Paxton E Scott, Dodson Christopher C, Lazarus Mark D
Division of Shoulder and Elbow Surgery, Warren Alpert Medical School of Brown University, 2 Dudley Street, Suite 200, Providence, RI 02905, USA.
Department of Orthopedics, Rothman Institute, Thomas Jefferson University, 925 Chestnut Street, 5th Floor, Philadelphia, PA 19107, USA.

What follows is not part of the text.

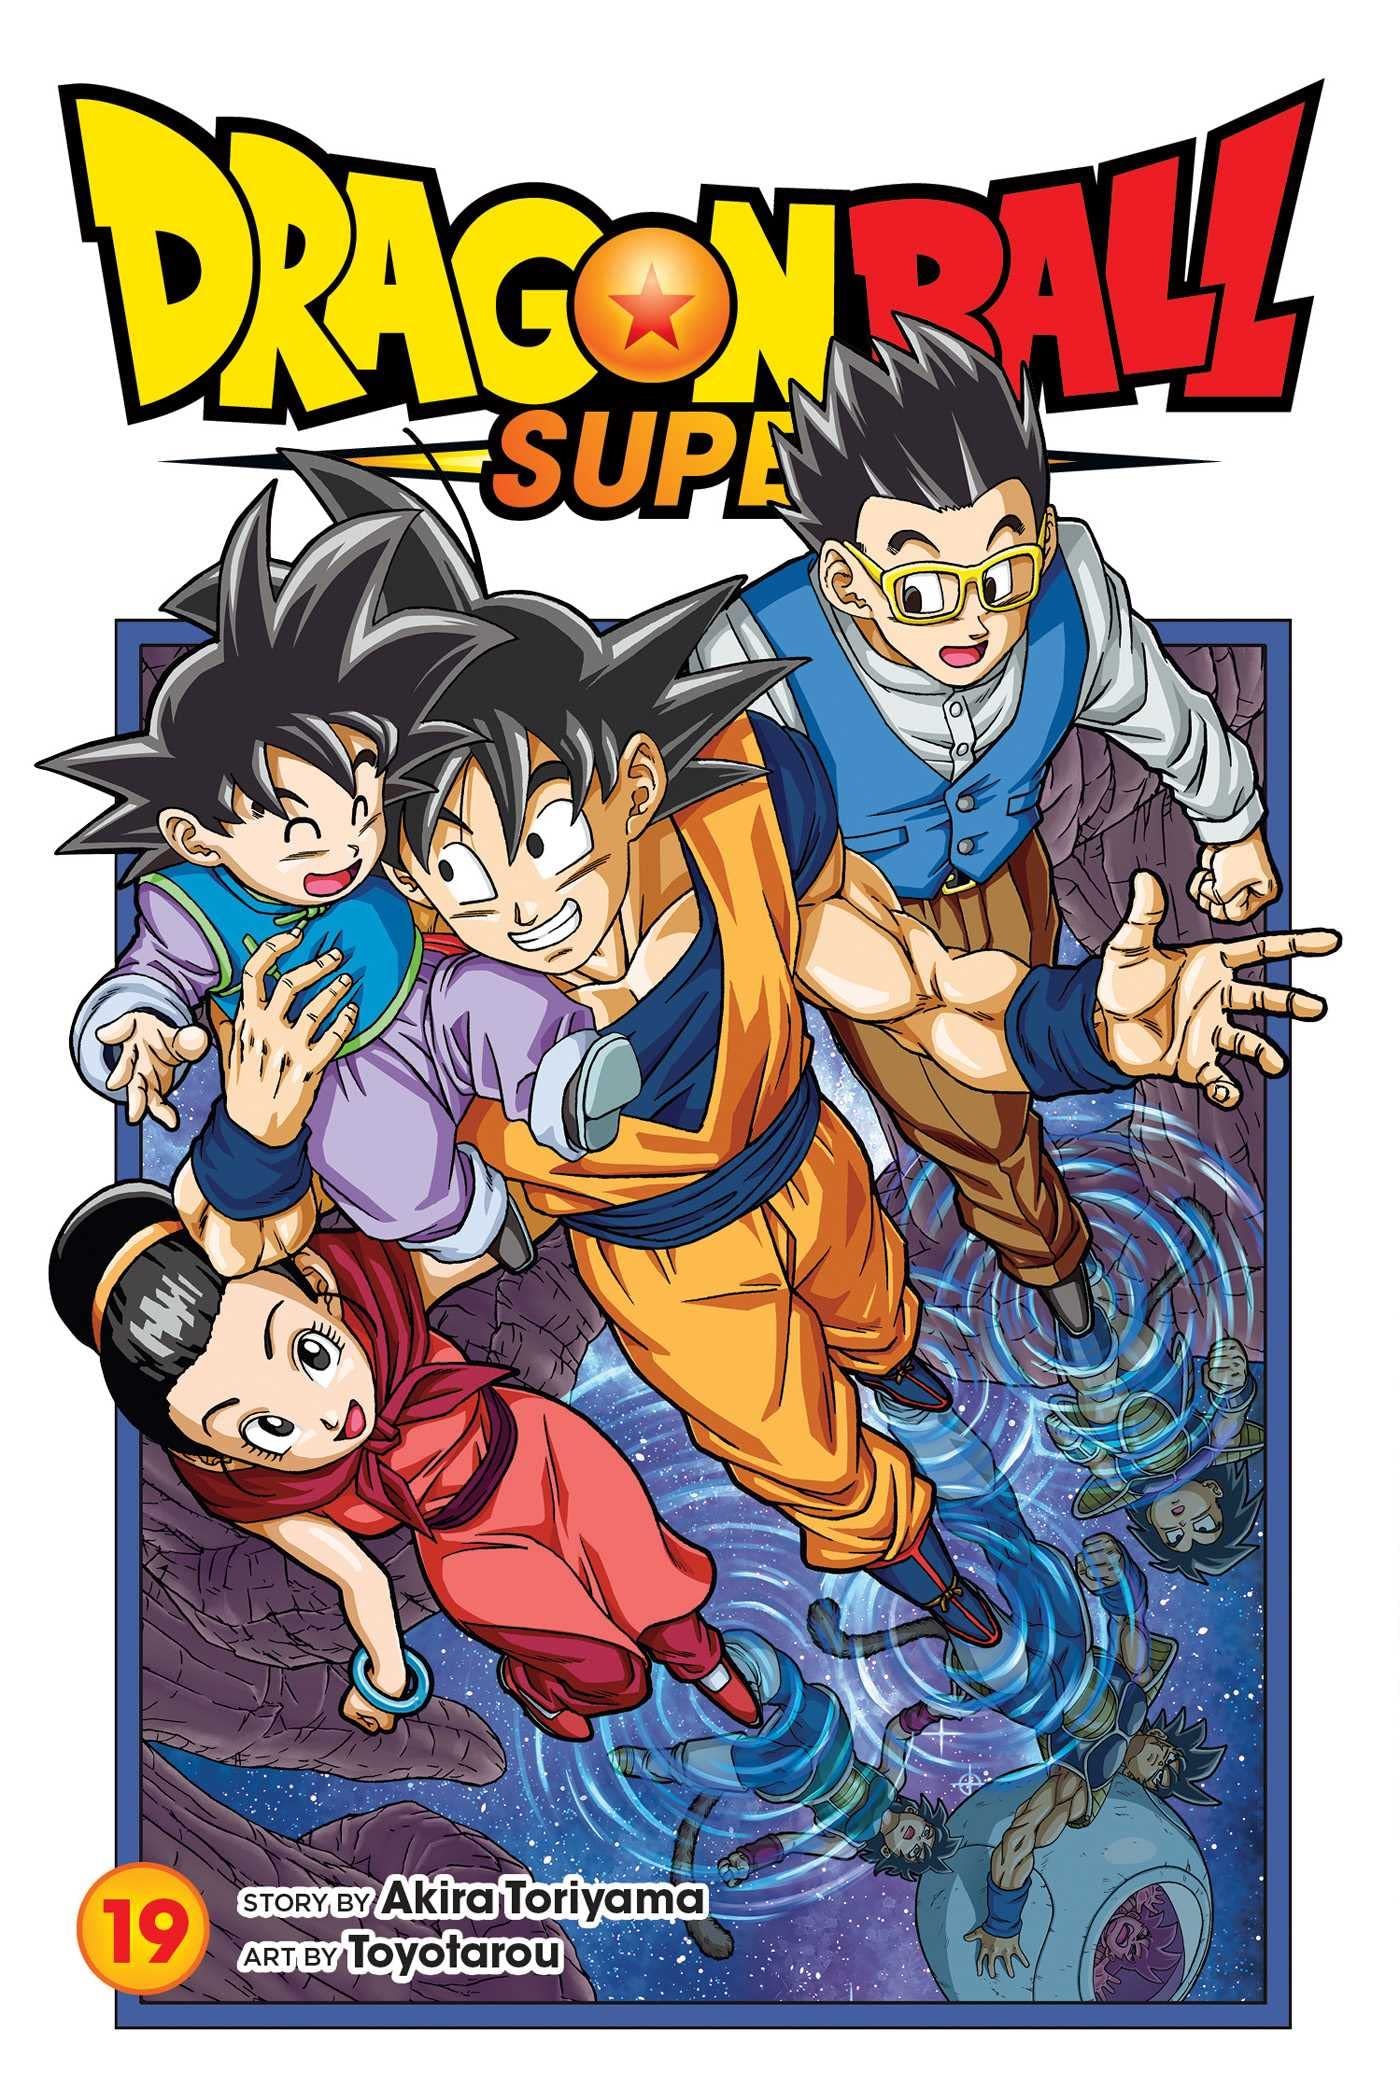 Dragon Ball Super Manga 81
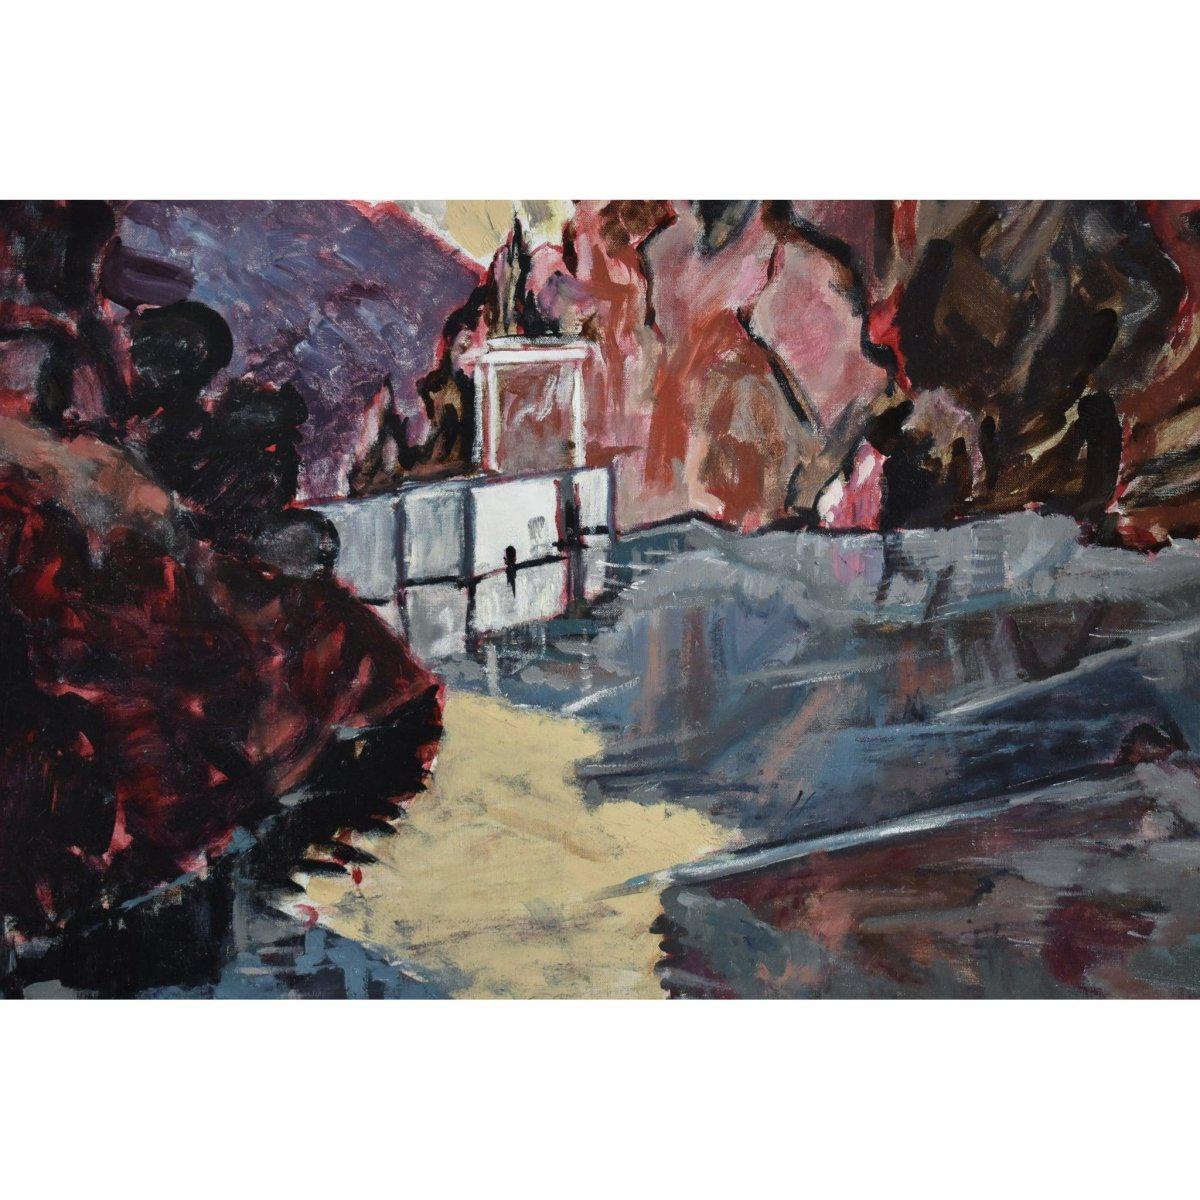 Vintage landscape oil painting mountain dam original circa 1955 by Stephane Cara for sale at Winckelmann Gallery

Orthop Clin North Am. 2014 Jul;45(3):377-85. doi: 10.1016/j.ocl.2014.04.002.
Glenohumeral instability has a bimodal age distribution, with most affected patients younger than 40 years, but with a second peak in older patients. Glenohumeral dislocations in older patients often present with complex injury patterns, including rotator cuff tears, fractures, and neurovascular injuries. Glenohumeral instability in patients older than 40 years requires a different approach to treatment. An algorithmic approach aids the surgeon in the stepwise decision-making process necessary to treat this injury pattern.
肩肱关节不稳具有双峰年龄分布,大多数受影响患者年龄小于40岁,但在老年患者中存在第二个高峰。老年患者的肩肱关节脱位常伴有复杂的损伤模式,包括肩袖撕裂、骨折和神经血管损伤。40岁以上患者的肩肱关节不稳需要不同的治疗方法。一种算法方法有助于外科医生在治疗这种损伤模式所需的逐步决策过程中做出决策。